Nick Littlehales is Ronaldo’s sleep coach and has also worked with NBA and NFL teams as well. And according to a profile done on him recently by The Independent, he doesn’t buy the rule about getting a traditional eight hours of continuous sleep. He feels that when one does that “it creates unnatural rhythms” which in turn means that a person’s least productive part of the day will be between one and three in the afternoon.
Instead, Littlehales tells his clients to take five 90-minute “sleeps.”
An hour and a half before Ronaldo goes to bed, he will turn off his phone, stop watching television or any other screens.
Littlehales advises his clients to sleep in the foetal position in fresh laundry – you imagine Ronaldo has someone to change his sheets for him – and he disdains the kind of luxury mattresses that claim to hug the body’s contours.
“All you need is 10 centimetres of foam,” he said. “Why, when you go camping and start sleeping on a thinner mattress do you wake up feeling fantastic? I’ve been working with Team Sky for a number of years and during every Tour de France, Giro d’Italia or Vuelta a Espana, we go ahead to the hotels making sure the cyclists sleep on exactly the same mattress every night.”
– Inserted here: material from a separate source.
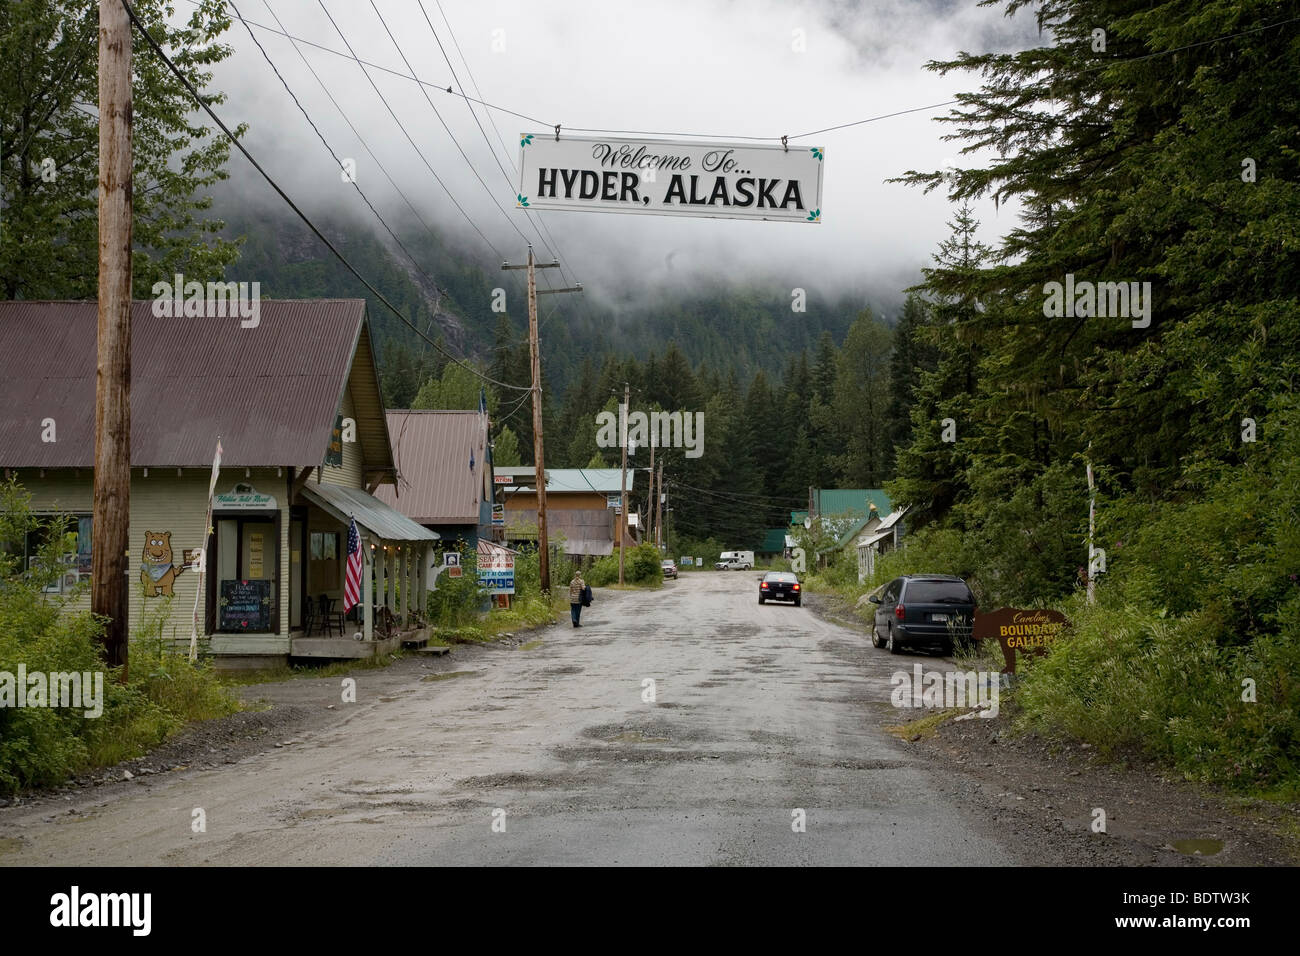 Das Ende der Zivilisation / El fin de la civilización / Hyder - Alaska Foto de stock

Littlehales also recommends, reports The Guardian, black-out curtains, a room temperature of 61 to 64 degrees, filters in the HVAC system that remove allergens from the room, nasal strips to prevent mouth-breathing and “a small dawn light simulator that emits gradual light to replicate the natural circadian process of sunrise.”
Got all that? Good. Now get out there and get some sleep.